HIV: PIU` VICINO IL VACCINO GRAZIE A UN NUOVO

HIV: PIU’ VICINO IL VACCINO GRAZIE A UN NUOVO MODELLO ANIMALE
Uno dei principali problemi nella ricerca di un vaccino per l’Hiv è che non esistono modelli animali che riproducano
accuratamente la risposta dei tessuti umani al virus, né come questo evolva per evitare questa risposta. Ma nella
settimana della 19esima International Aids Conference, in corso a Washington, arriva una notizia che potrebbe
risolutiva: se tale modello animale in natura non esiste, si può ovviare inserendo elementi del sistema immunitario
umano in un topo immunodeficiente, in modo che questo simuli la risposta dei tessuti del nostro organismo. La
ricerca, condotta da un team che vede al suo interno scienziati del Massachusetts General Hospital, del Mit e di
Harvard e pubblicata su Science Translational Medicine, potrebbe anche essere utile a ridurre tempo e costi dello
sviluppo di un vaccino per l’Hiv.
Di solito come cavia per i test di immunizzazione per il virus si usano i macachi, che possono essere infettati
con il gemello dell’Hiv, il virus di immunodeficienza delle scimmie, o in breve Siv. Il problema è che con questo
approccio si hanno non solo differenze nelle sequenze genetiche virali tra Siv e Hiv, ma anche diverse risposte dei
sistemi di difese degli organismi umani rispetto a quelli dei primati. Dunque per ottenere finalmente un vaccino,
bisogna prima trovare un modello che replichi correttamente quello dell’organismo umano infettato dal virus,
anche in modo da comprendere meglio la risposta stessa del sistema immunitario. “La nostra ricerca non solo ha
dimostrato che queste cavie ‘umanizzate’ simulano la risposta del sistema immunitario al virus, ma anche che
anche la reazione dell’Hiv è la stessa: per evitare le difese del’organismo, infatti, muta le proteine virali target dei
linfociti T CD8 proprio come farebbe l’organismo umano”, ha commentato Todd Allen, coordinatore della ricerca.

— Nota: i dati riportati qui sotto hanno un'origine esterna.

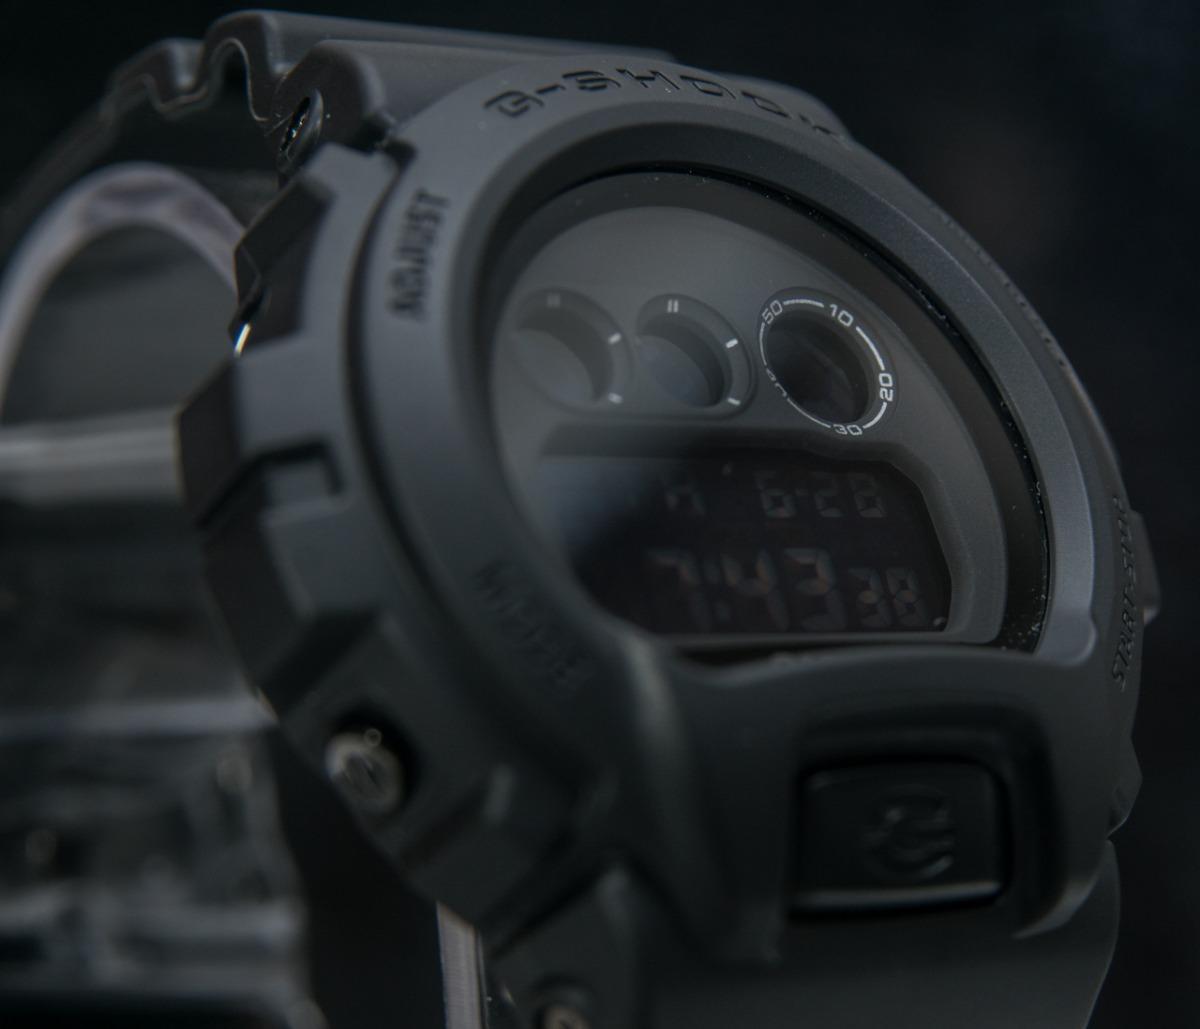 bdd0c2d2889 relógio g-shock dw-6900bb all black preto militar original. Carregando zoom.
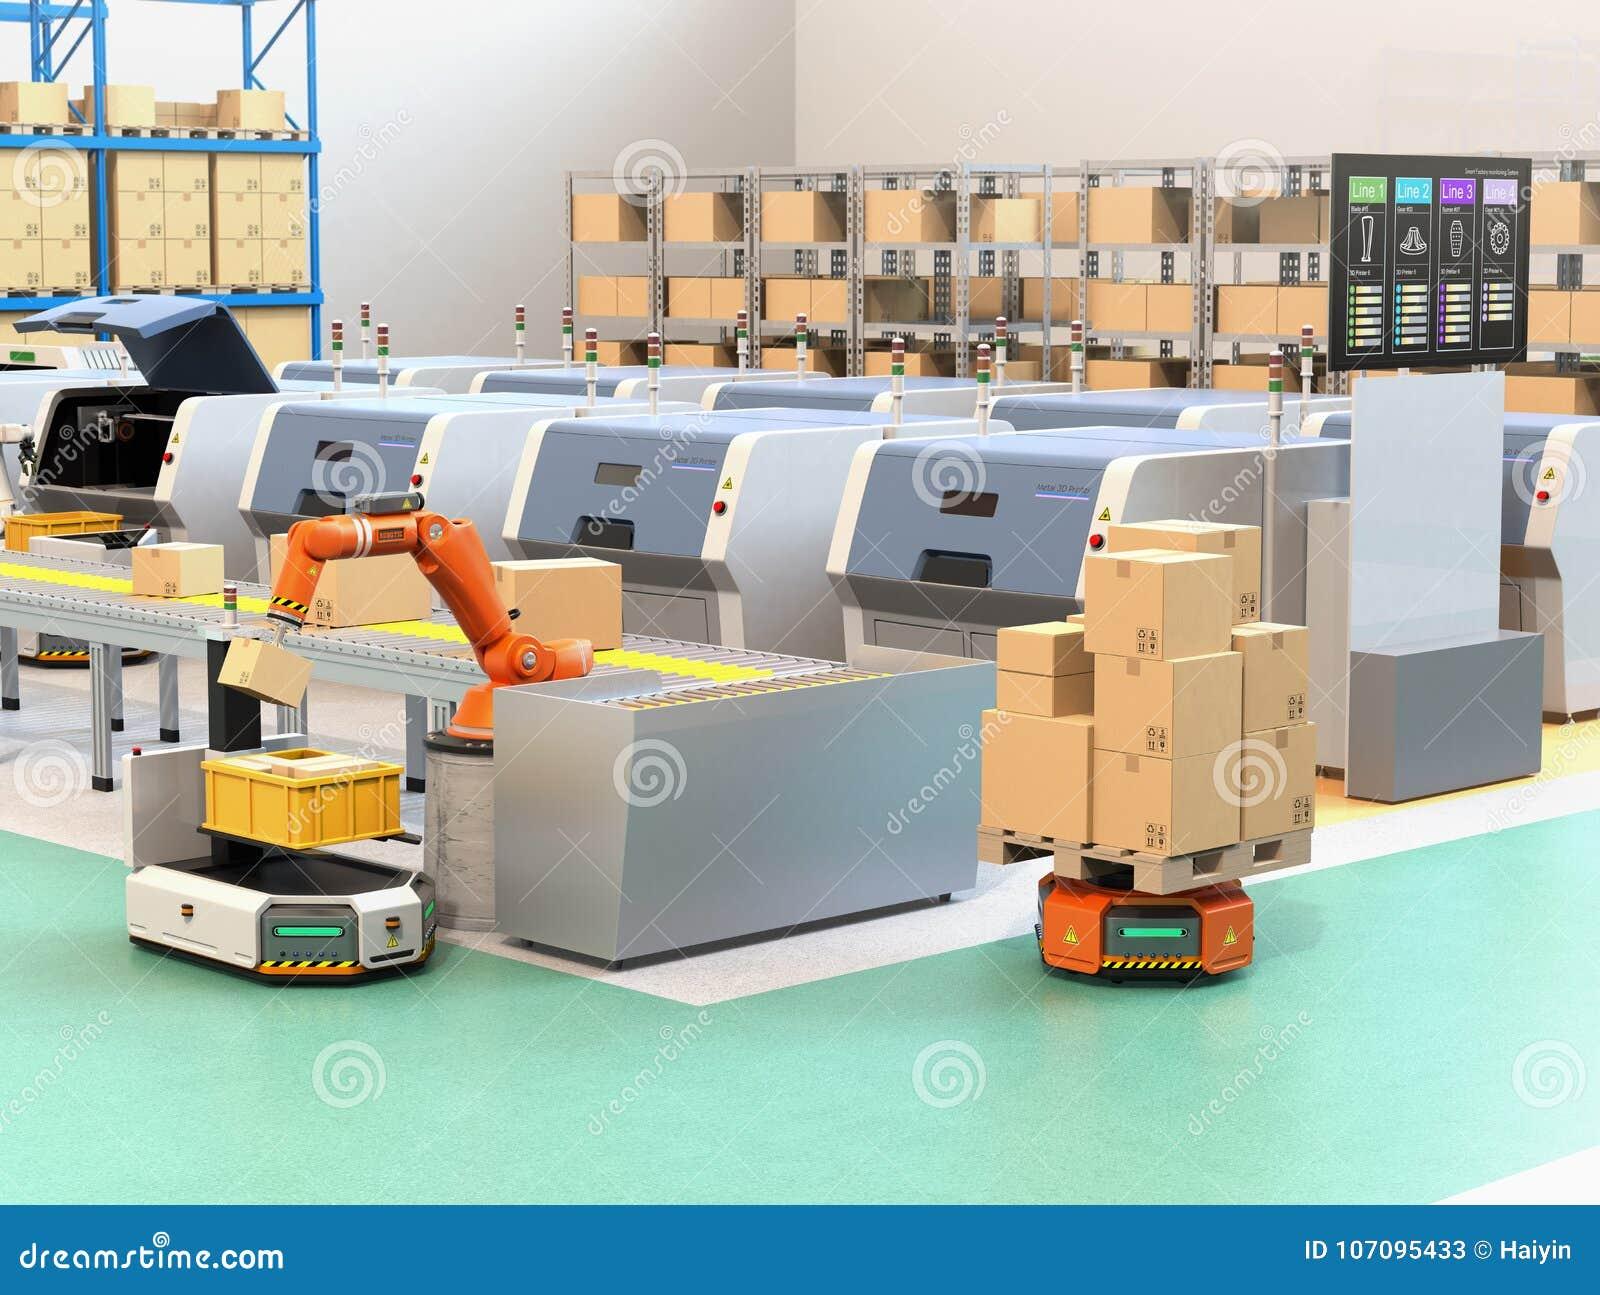 Robotachtig wapen het plukken pakket van transportband aan AGV

“Per la prima volta abbiamo un modello animale che riproduce correttamente le interazioni tra patogeno e ospite, e
ciò potrà aiutarci a sviluppare finalmente un vaccino efficace per l’Hiv”. Soprattutto perché, come è stato
dimostrato da precedenti ricerche, quello che aiuta il virus a rimanere nel corpo è proprio la sua capacità di mutare
in risposta alle difese immunitarie.
In particolare, nello studio su Science Translational Medicine, gli scienziati hanno iniettato a dei topi privi di
sistema immunitario funzionante delle cellule staminali del midollo spinale, insieme ad altri tessuti umani. La cavia
‘umanizzata’ così creata prende il nome di topo Blt. In particolare, i tessuti sono stati presi da donatori umani, e
presentavano diverse versioni (alleli) della molecola Hla del sistema immunitario, che è quella che rende i linfociti
T CD8 target del virus: alcuni di questi alleli, come Hla-B57, sono più comuni nelle persone che hanno la capacità
naturale di controllare l’Hiv. Alcuni di questi, a seguito del trapianto, erano espressi anche nei topi Blt, dimostrando
che anche in questo caso le cavie potrebbero essere adatte alla ricerca per il vaccino: i roditori che presentavano
l’allele protettivo, proprio come gli esseri umani che lo presentano, riuscivano a prevenire le mutazioni virali
contenendo più efficacemente il virus. “Sappiamo dunque che questi topi possono replicare la specificità della
risposta del tessuto cellulare umano all’Hiv, e che questo tenta di evitare i processi di difesa esattamente come
farebbe nel nostro organismo”, ha aggiunto Allen. “Al momento stiamo studiando proprio se e come possiamo
indurre la risposta immunitaria umana specifica all’Hiv in questi animali, tramite la vaccinazione: se fosse possibile
avremmo un modello che replica perfettamente quello umano, ma dai costi e dai tempi di studio ridotti. E in questo
modo lo sviluppo di un vaccino da testare sugli esseri umani sarebbe un passo più vicino”.